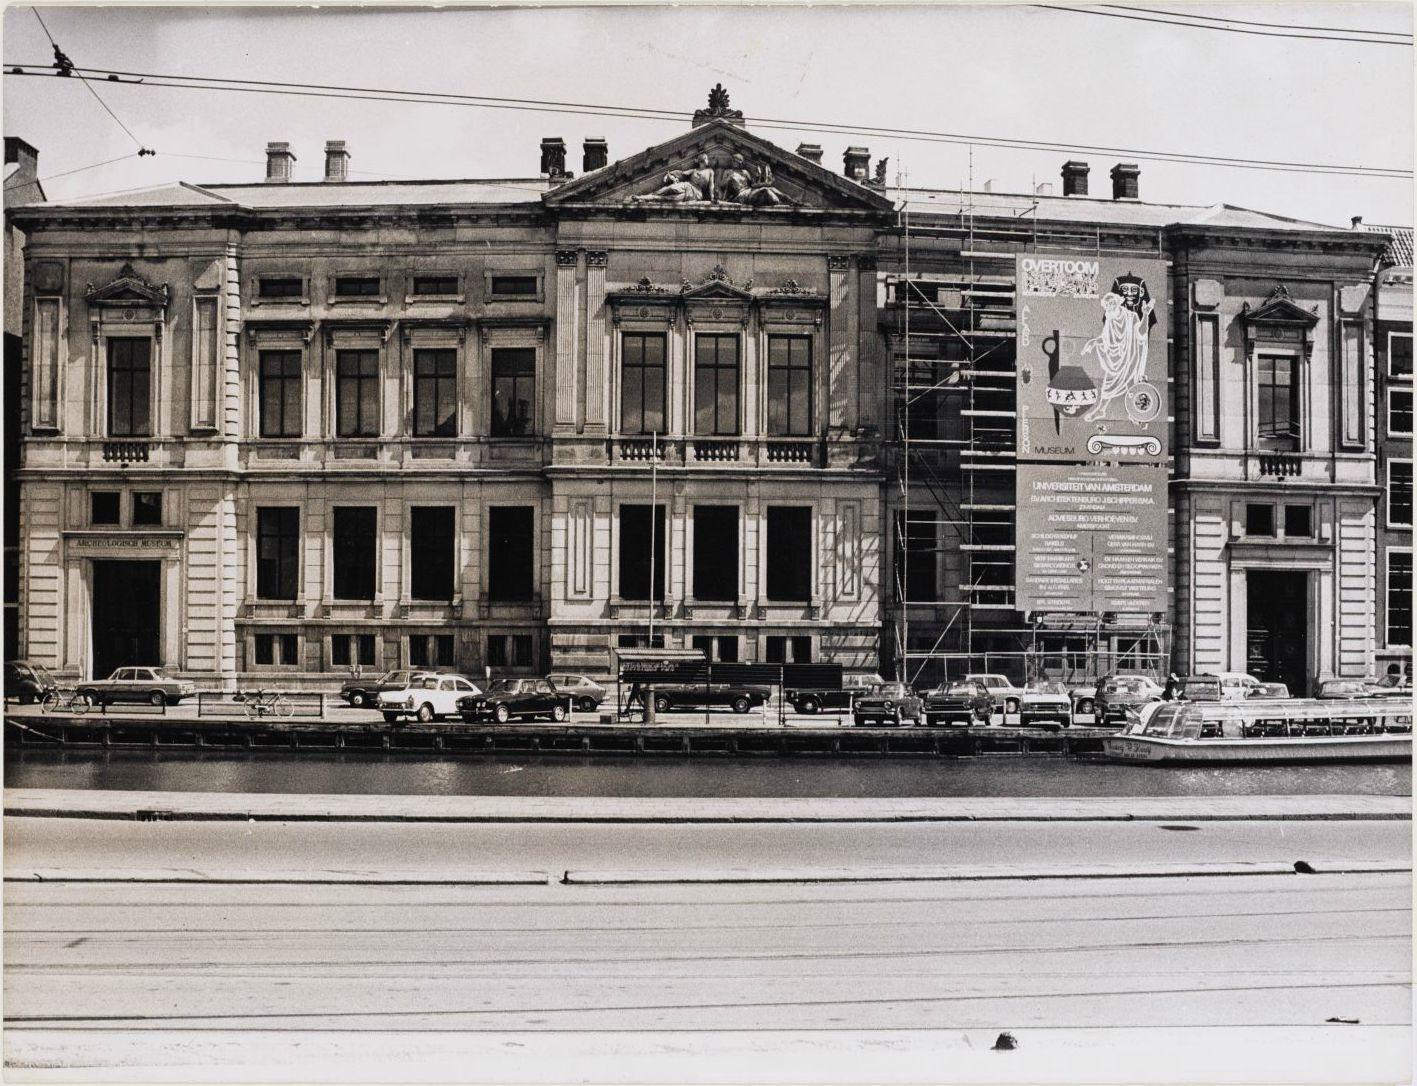 Verbouwing van de voormalige Nederlandsche Bank tot Allard Piersonmuseum (1975)
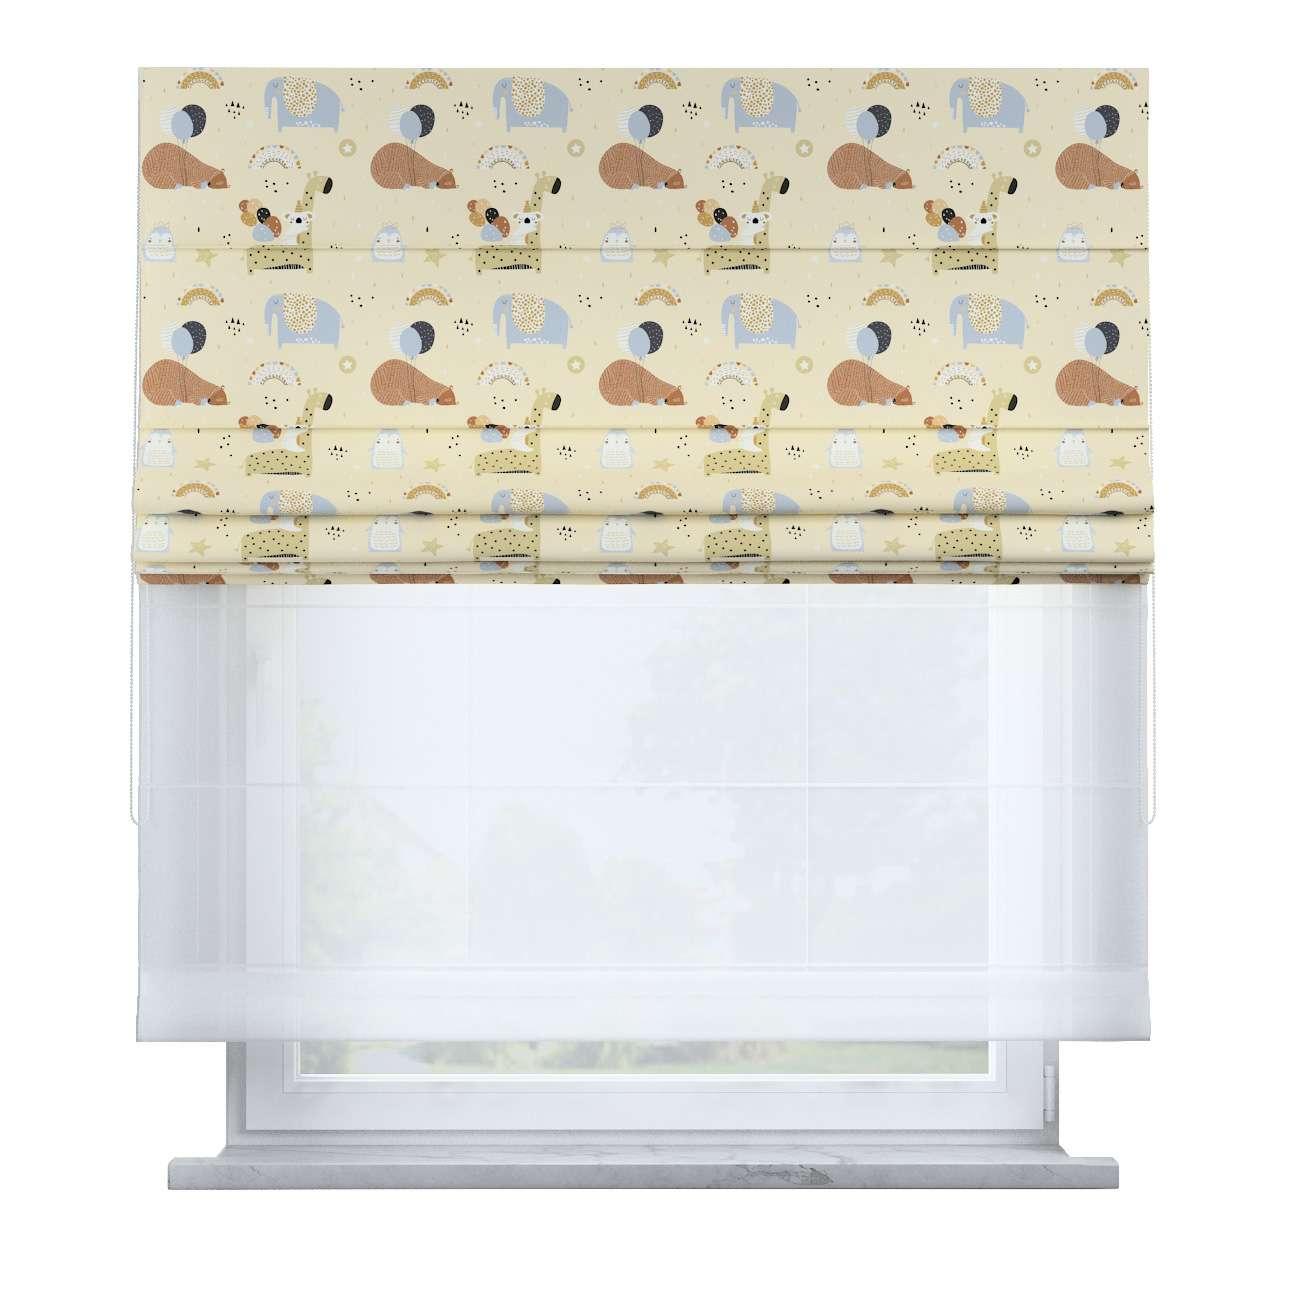 Dvojitá římská roleta v kolekci Magic Collection, látka: 500-46
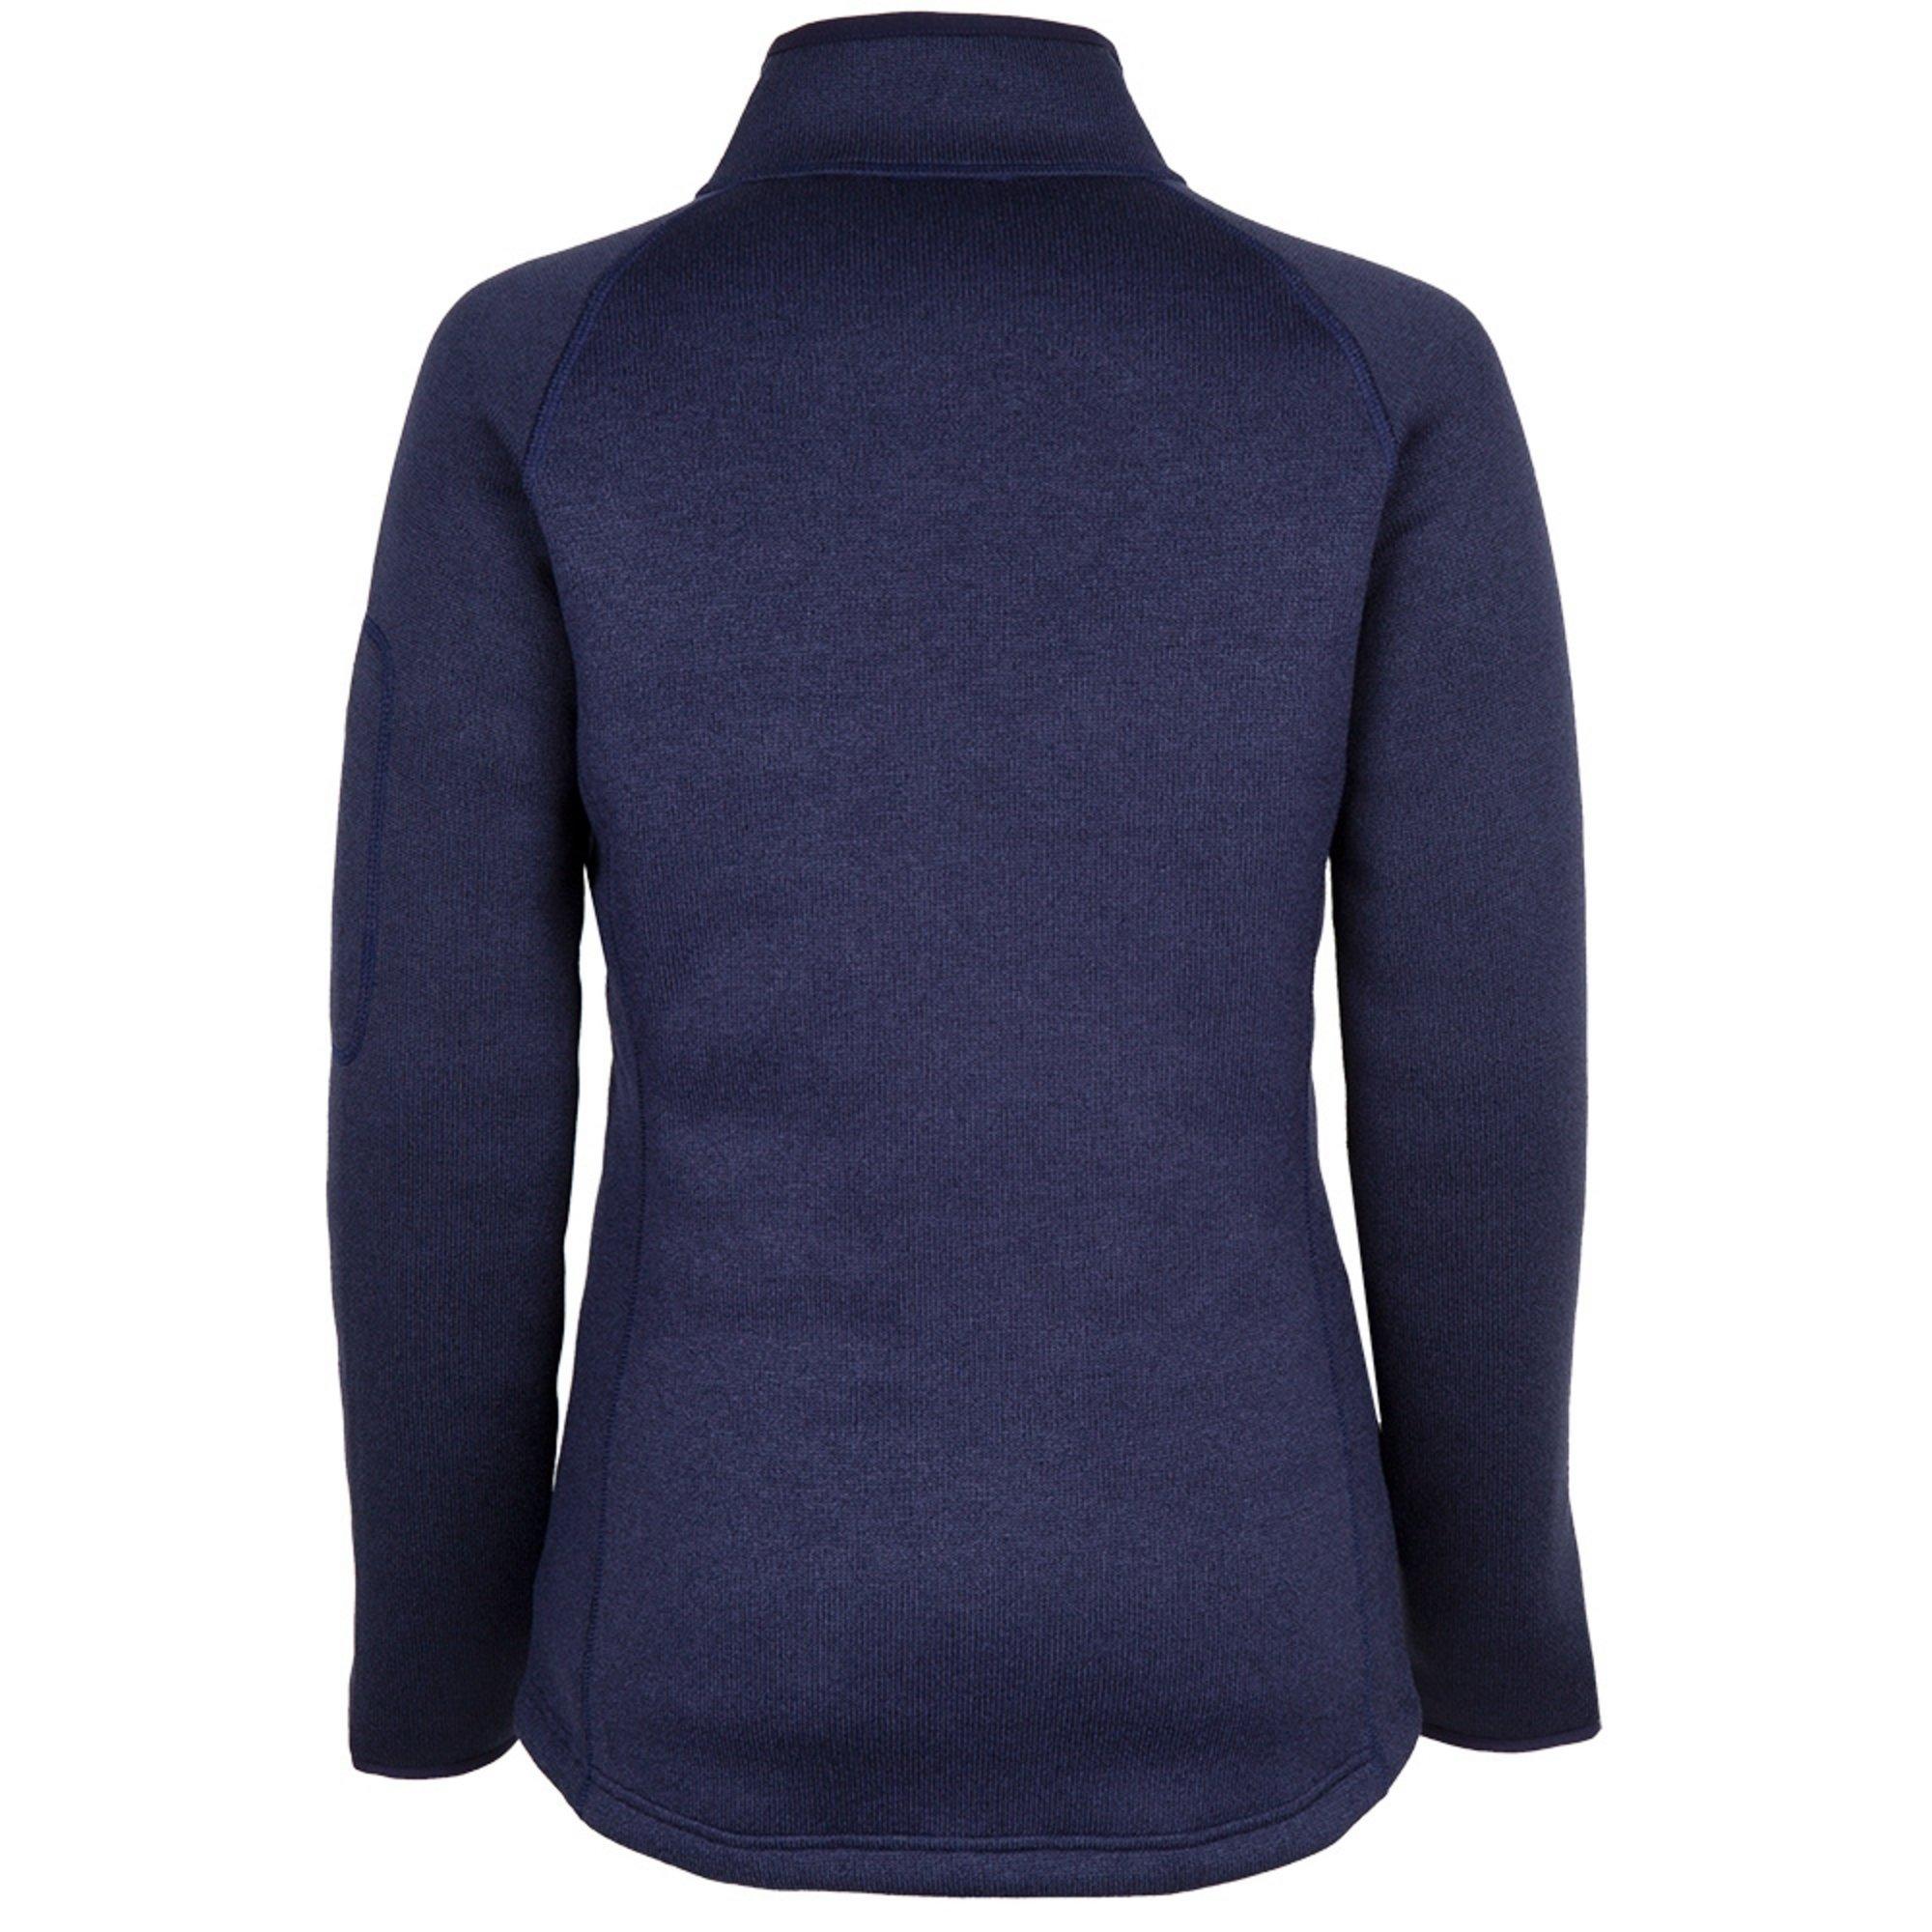 Women's Knit Fleece Jacket - 1493W-NAV06-3.jpg

→ **Your goal**
Only what runs from the line with "Dvojitá římská roleta" through the last line of the listing above belongs in the answer, set down exactly and free of pictures.

→ **Exercise result**
 Dvojitá římská roleta v kolekci Magic Collection, látka: 500-46
 Women's Knit Fleece Jacket - 1493W-NAV06-3.jpg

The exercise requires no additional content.